2019 年 19 巻 1 号 p. 17-25
Purpose: The objective of this study was to investigate inhibitory effect of lactic acid bacteria and antibiotics on the growth of Streptococcus pneumoniae ATCC 33400. Materials and Methods: Antibiotic activities of five oral probiotic candidate bacteria including two strains of Lactobacillus crispatus, Lactobacillus fermentum, Lactobacillus gasseri and Streptococcus mitis and several antibiotics against S. pneumoniae were investigated using radial diffusion assay and competition assay. The biofilm formation of S. pneumoniae in the presence of 50% saturated ammonium sulfate precipitation fraction from L. gasseri and several concentrations of gentamicin were monitored by real time cell analyzer, xCELLigence. Results: The growth of S. pneumoniae was inhibited by two strains of Lactobacillus crispatus, Lactobacillus fermentum and Lactobacillus gasseri. The saturated ammonium sulfate precipitation fraction (0-30% and 30-50%) from L. gasseri effectively inhibited growth of S. pneumoniae. The biofilm formation of S. pneumoniae monitored by real time cell analyzer (xCELLigence) was suppressed by gentamicin in dose dependent manner. Antibacterial substance from L. gasseri against S. pneumoniae was suggested to be small molecular weight substance. Conclusion: L. gasseri inhibited the growth of S. pneumoniae suggesting that L. gasseri will be a candidate of probiotics.

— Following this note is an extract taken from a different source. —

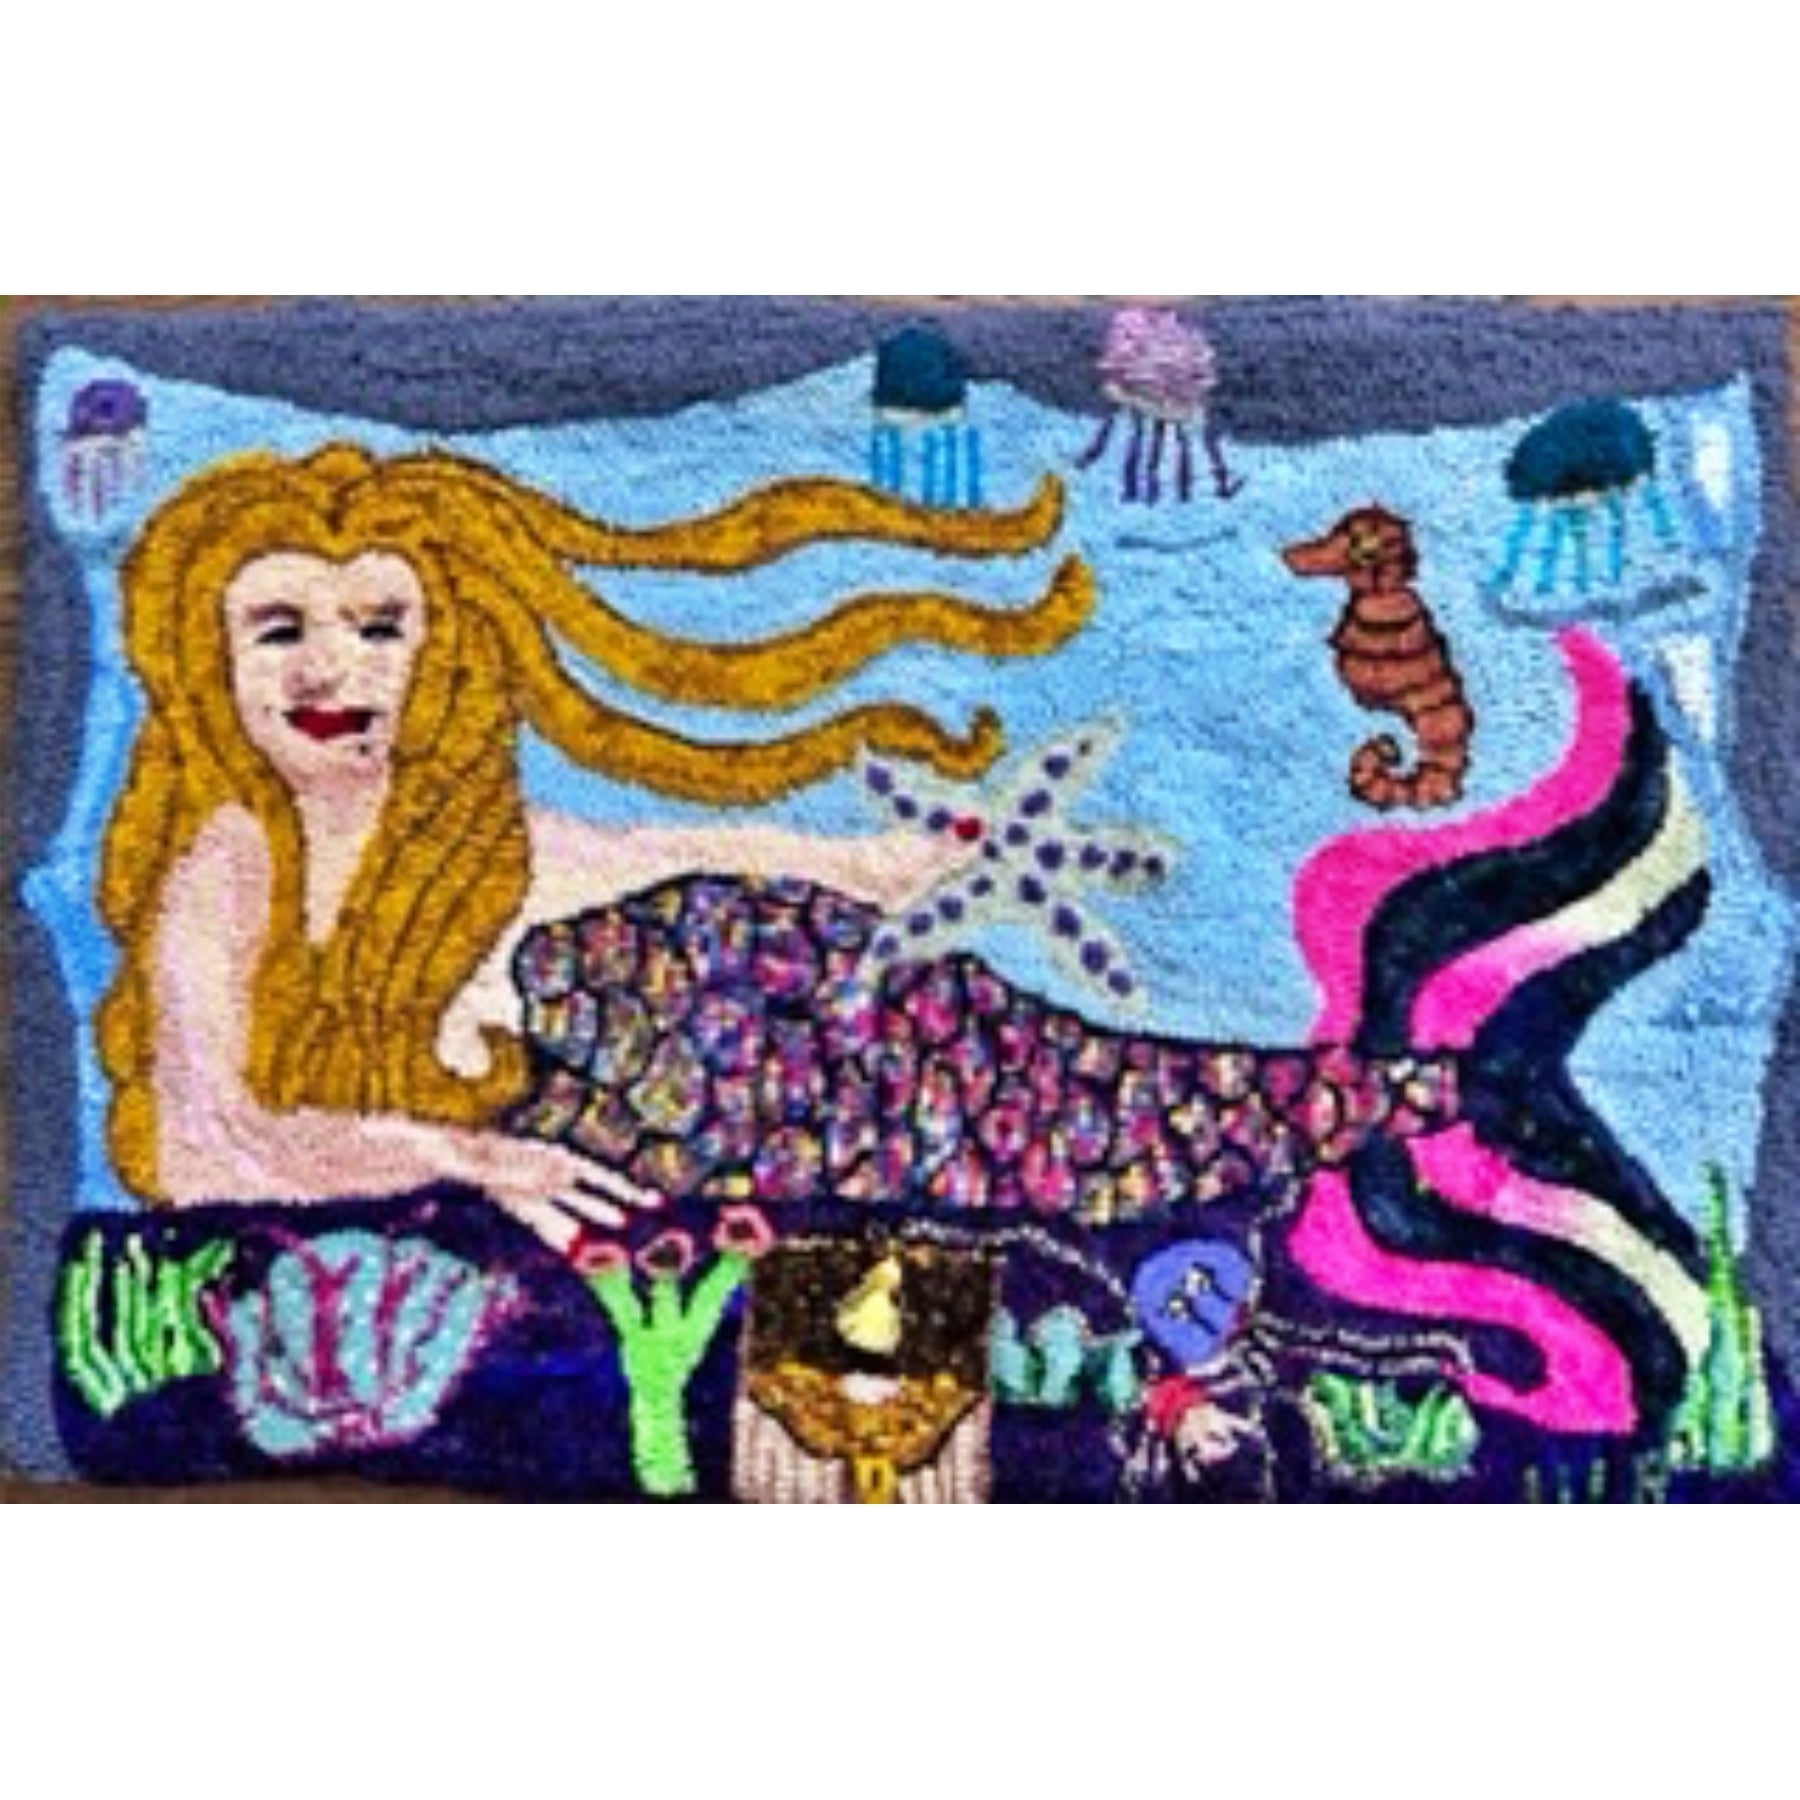 Mermaid, rug hooked by Vicki Rudolph

Opportunistic infections in the perioperative phase have a major impact on the patient's life prognosis and postoperative healing processes [1,2,3]. In addition, treatment and prevention of opportunistic infections at perioperative period are not easy due to the appearance of multidrug resistant bacteria and biofilm formation of opportunistic bacteria [4]. Antimicrobial drugs are used to treat opportunistic infections at the perioperative period, and even if their blood levels increase, sufficient antimicrobials do not migrate to saliva [5,6,7].

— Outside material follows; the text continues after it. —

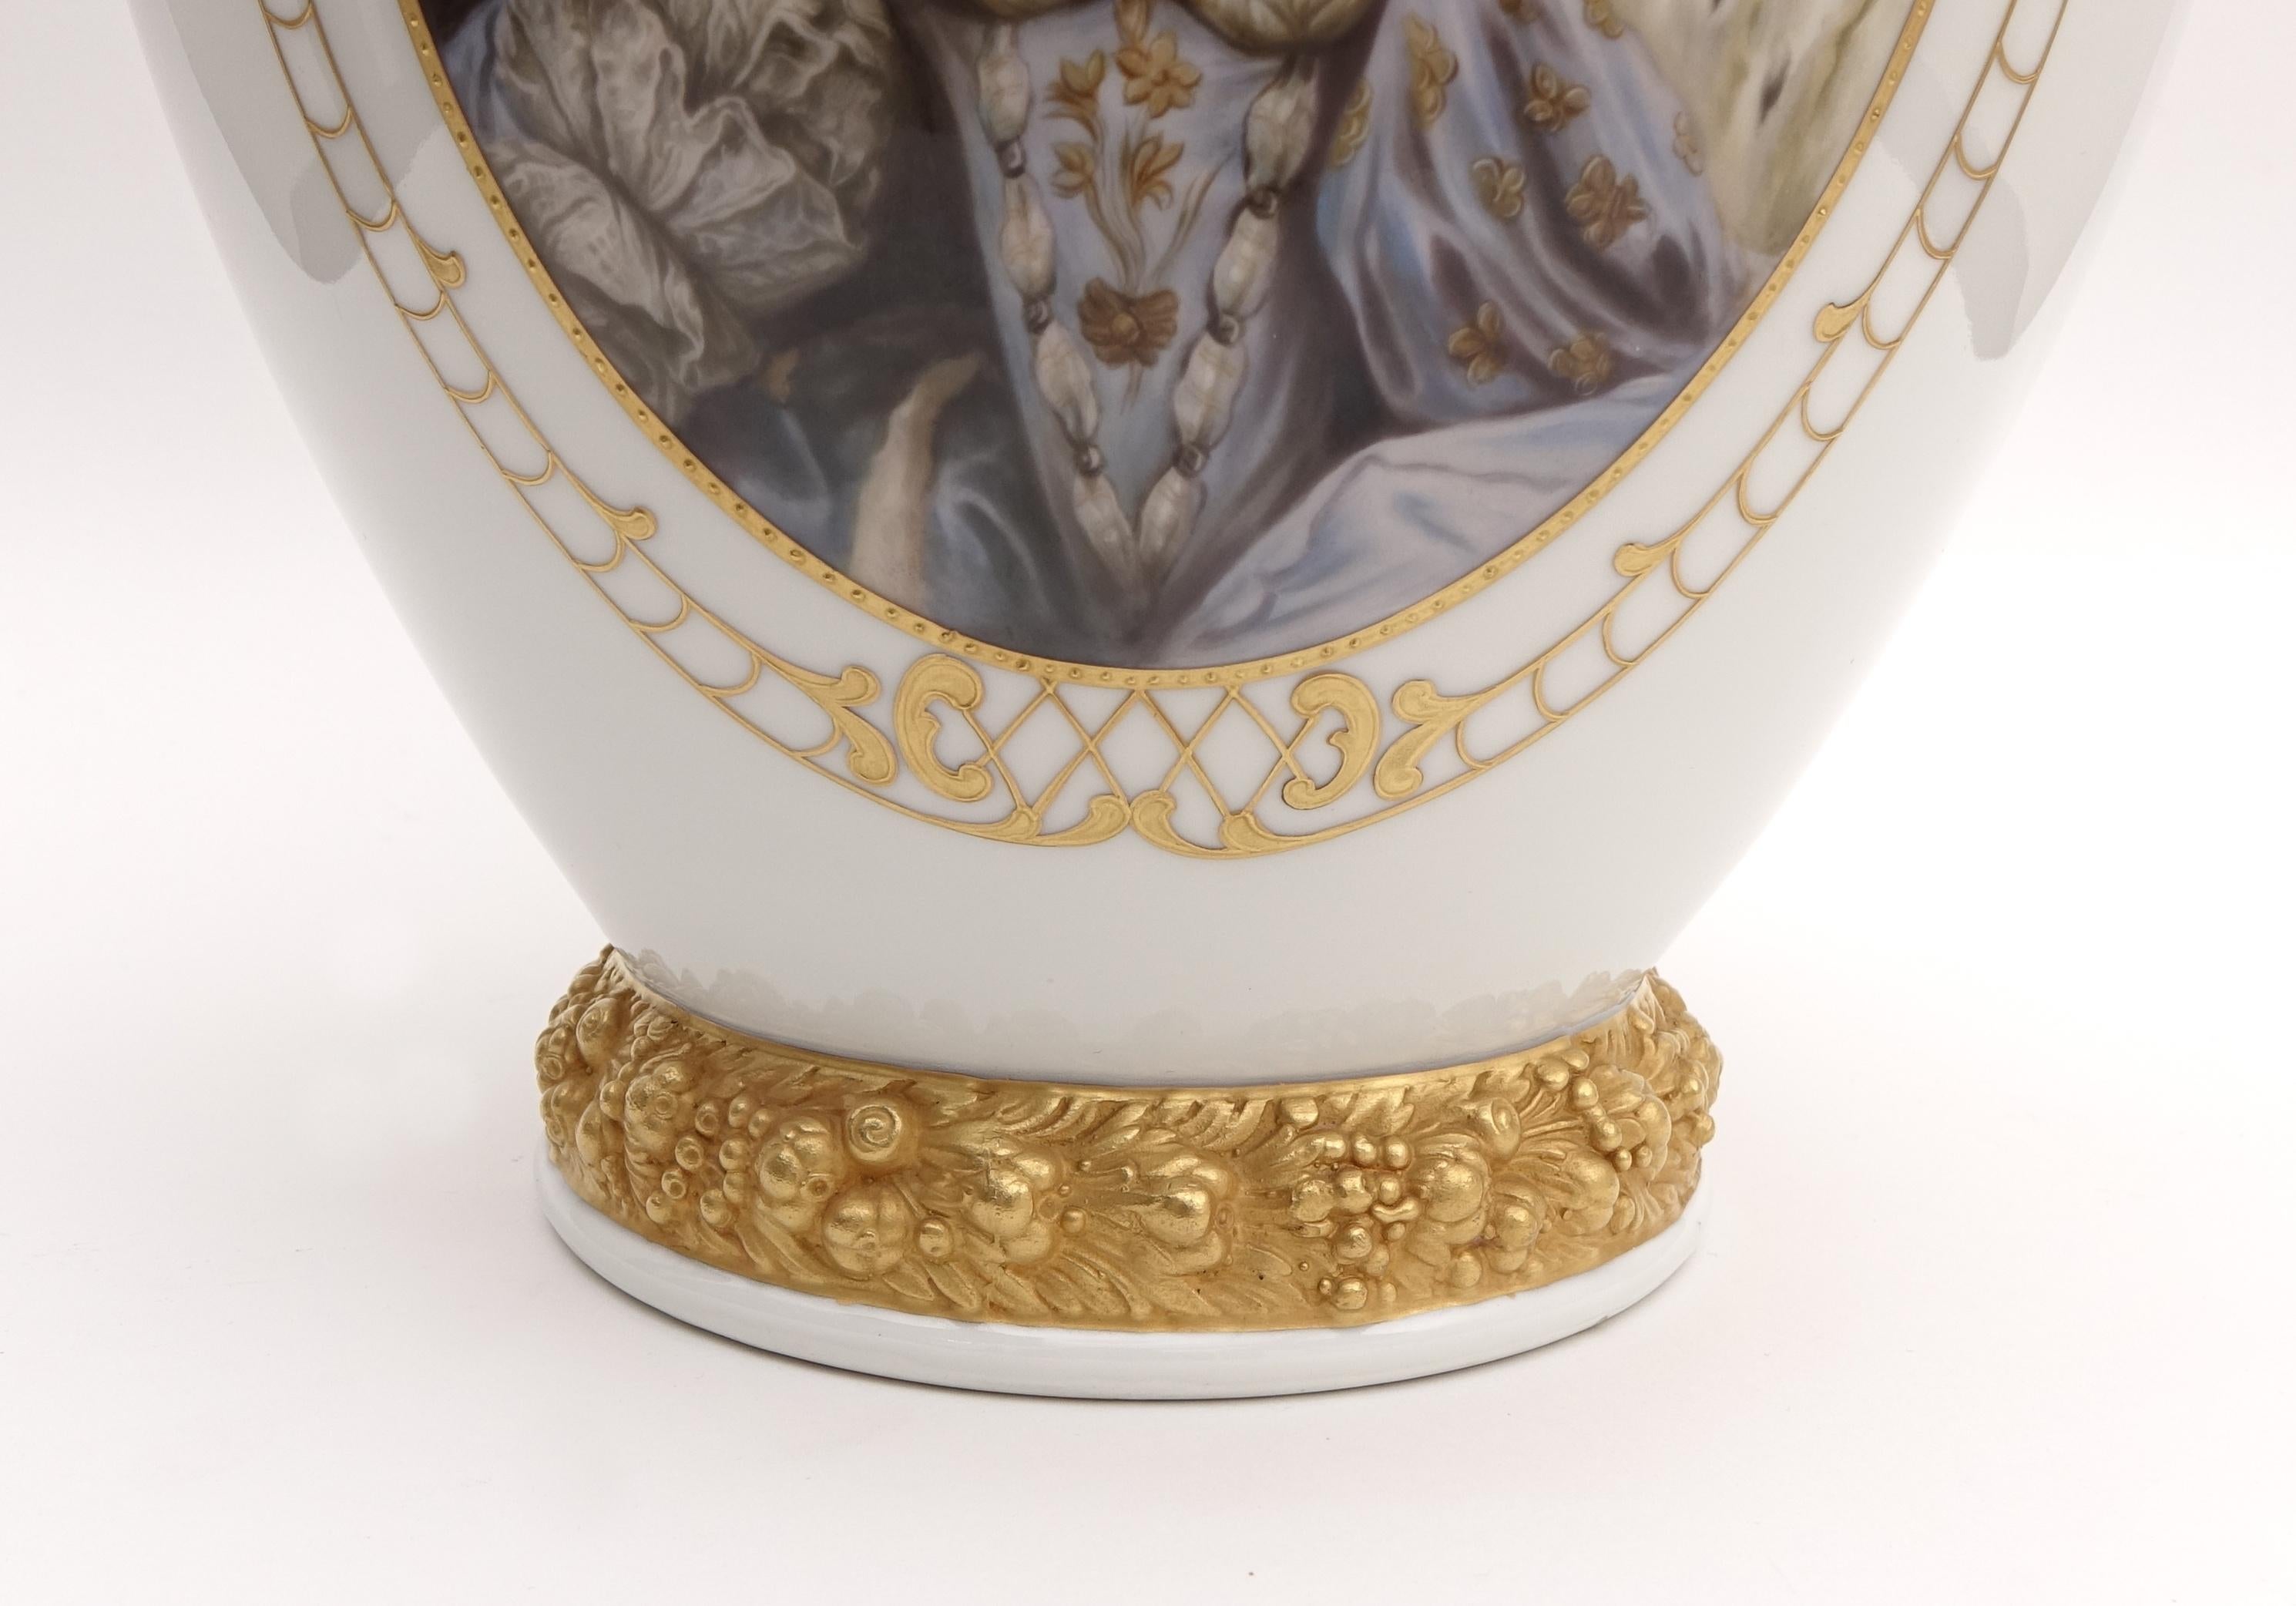 Baroque Porcelain Vase Depicting Maria Antonietta

In recent years, studies on the control of opportunistic infectious bacteria by probiotics have been conducted [8,9], and it has been reported that the lactic acid bacteria (LAB) has antibacterial activity against opportunistic infectious bacteria. [10]. Terai et al. [11] screened probiotic candidates against periodontopathic bacteria from human oral cavity and finally selected several candidate bacteria including Lactobacillus crispatus, Lactobacillus fermentum, Lactobacillus gasseri and Streptococcus mitis . Of these bacteria, strains of Lactobacillus crispatus revealed antibacterial activities against Haemophilus influenzae ( H. influenzae ) [12] and Streptococcus pneumoniae ( S. pneumoniae ) [13]. H. influenzae , especially type b form (Hib) is one of causative bacteria involved in meningitis, epiglottitis, and severe sepsis [14,15]. S. pneumoniae is one of pathogens of upper respiratory tract infections in humans [16,17,18].
Therefore, oral care is regarded as important, and control of pathogens such as opportunistic infectious bacteria as well as cariogenic bacteria and periodontopathic bacteria in the oral cavity by probiotics is expected. This study was designed to investigate the inhibitory effect of combined use of antibiotics and probiotics on the growth of S. pneumoniae .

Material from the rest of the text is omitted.